The Latest Addition

Over the years, a lot of people have asked for calculator features like occasional extra principal reduction payments, tracking fees or late charges, summary of interest over a fiscal year. My pat response is “this kind of thing needs a spreadsheet or special-purpose software.”

Well, I’ve taken a little time to work up a basic amortization spreadsheet. It doesn’t have all the calculation options that the web calculator provides (it only calculates the payment, for example), but the amortization schedule it produces will allow one to track extra payments and fees, to include payments for insurance and taxes, and it provides a nice fiscal year summary of interest paid.

It took a few days of playing around with Excel to get it working mostly right, and it’s free for you to download and try, if you’re into that kind of thing. Maybe it will give you some ideas about how to build your own custom spreadsheet. But of course, use at your own risk! Please don’t base any high-finance decisions on the spreadsheet’s results until you’ve verified that it’s doing everything correctly. Like the web calculator, I consider this a planning tool only!

If you want to give it a shot, here’s a link to the spreadsheet. Enjoy!

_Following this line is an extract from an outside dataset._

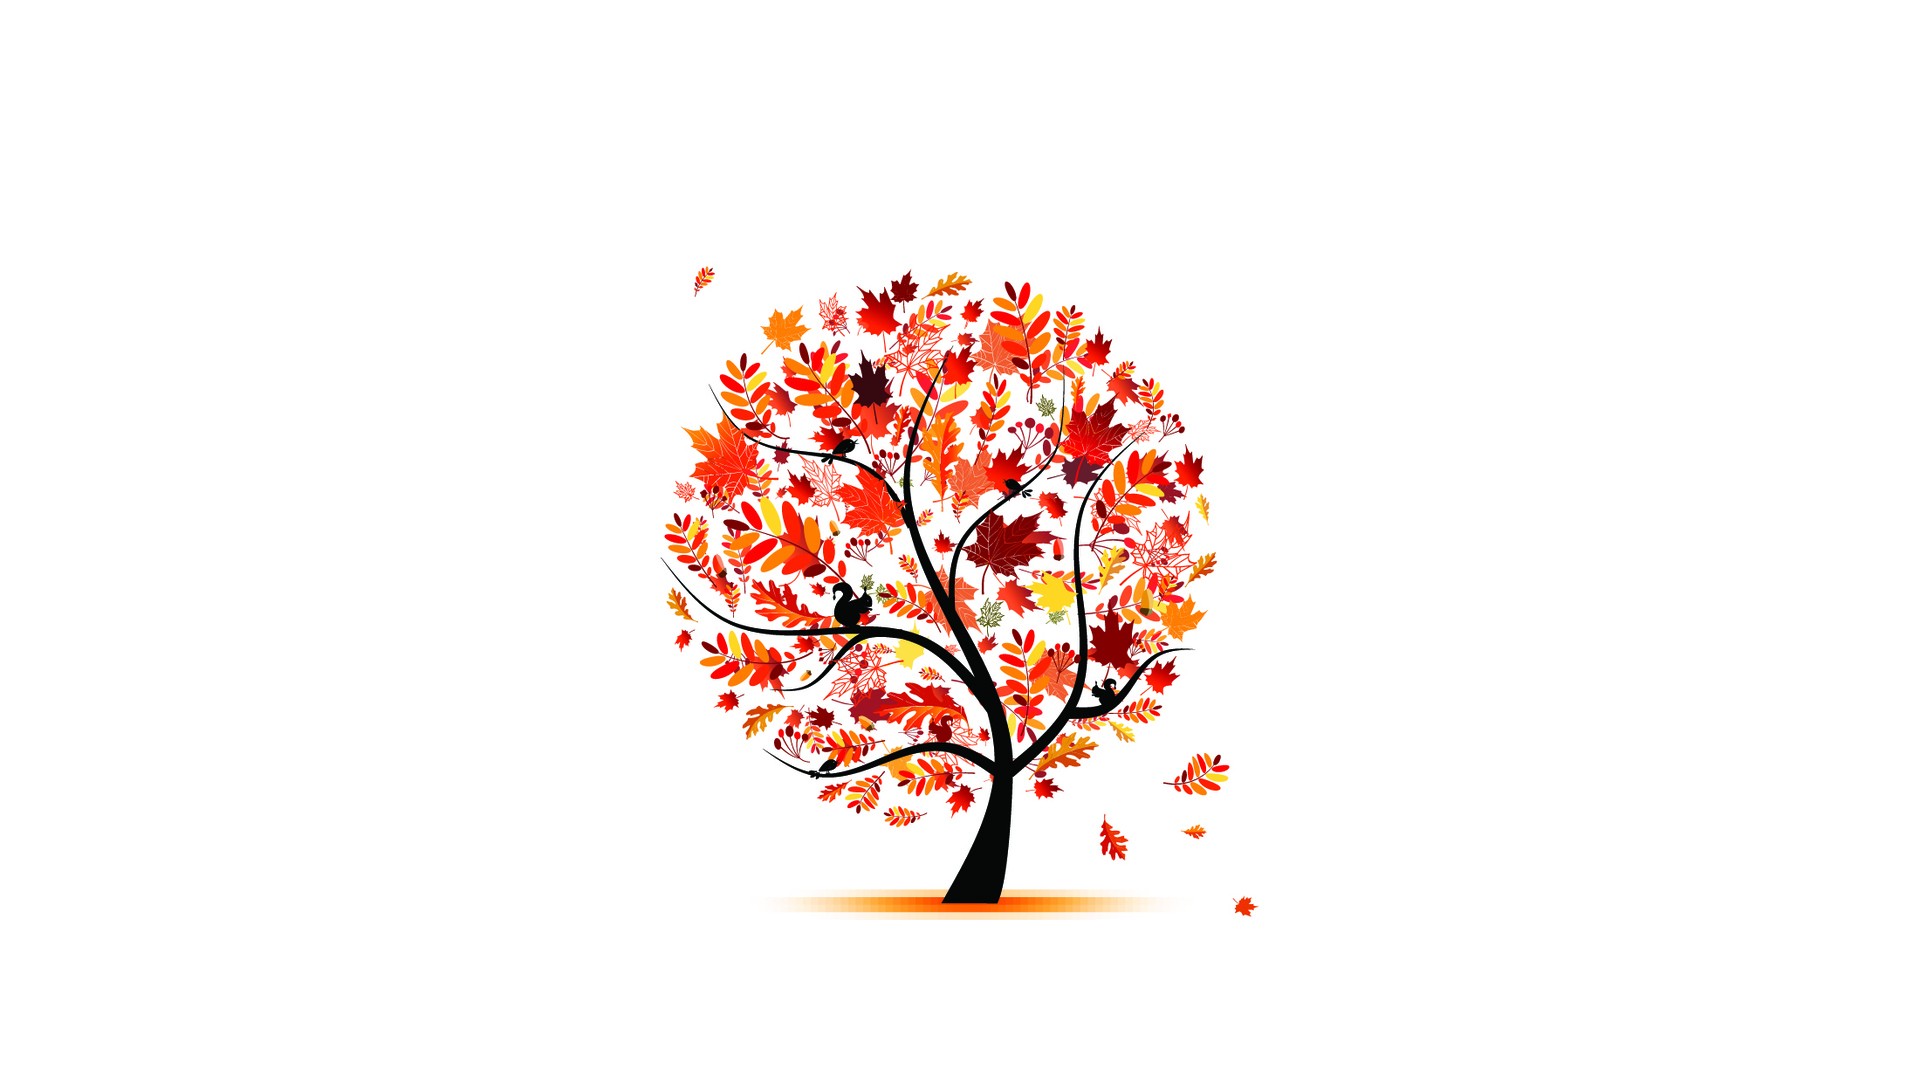 trees, Autumn, Leaves, Artwork, Simple, Background, White, Background Wallpaper

18 Replies to “The Latest Addition”

  1. Hi Bret.
    I have used your spreadsheet for many years and like it very much. I do have some suggestions to make it THE BEST AND AWESOMEST (yes, my made up word, I know!) free AM schedule program EVER.
    1. Let us enter a start date for loan payments.
    2. Calculate the principal and interest by the tax year, giving the annual totals paid as of Dec 31.
    3. Ask for the balloon date.
    4. Coordinate the balloon date with various calendars (outlook, google, etc.)
    5. Let the user select a reminder date for the balloon date to either find the cash, or coordinate with the lender for an extension.

    These changes would all be the icing on the cake to your already fabulous calculator. THANKS for such an awesome free tool.

  2. Hi, your calculator works great for what I was looking for because it allows me to make 9 paymants a year. My only problem is I can’t enter 9 payments a year into the spread sheet. I finance the loan for 5 years so its a total of 45 payments. In the spread sheet if I enter 3.75years I get 45 payments but the payment are not the same amount because its a shorter period is there any way you can make it so the spread sheet does 9 months a year like the calculator can? I really appreciate any help you can give me on this. Thank you!! Anne

  3. Bret, I am a bankruptcy lawyer in Utah and I have been using your amortization calculator for years and years and years. It’s the perfect tool for me to easily determine my clients’ payment amount in a chapter 13 bankruptcy. I just wanted to tell you yet another way in which your calculator is being used. Thank you very much for providing this free service.

  4. Hi Bret.

    I just want to say thanks for your fantastic calculator. It’s so flexible and easy to use – it makes me wonder why so many others are so unwieldy.
    I’ve been using it for years, usually on a monthly basis, and I sent you a “virtual thanks” through the ether every time. I thought it was time to send you thanks in text!
    By the way, I live just up the road from the 12 Apostles featured in your blog banner, and it brings a smile to my face to see them featured here. (Some have fallen into the ocean over time, so there has been some attrition of the numbers.)

    Thanks again for providing this fabulous tool – and even better that you give it to us all for free!

    1. Hi, and thanks for the kind words! I am continually surprised (and gratified) to find that the calculator has fans around the world. Thanks for taking the time to write.

      I have heard others comment that the 12 are reduced in number these days, but the ocean is relentless: even stone must give way to it eventually. Someday I hope to see the remaining Apostles in person.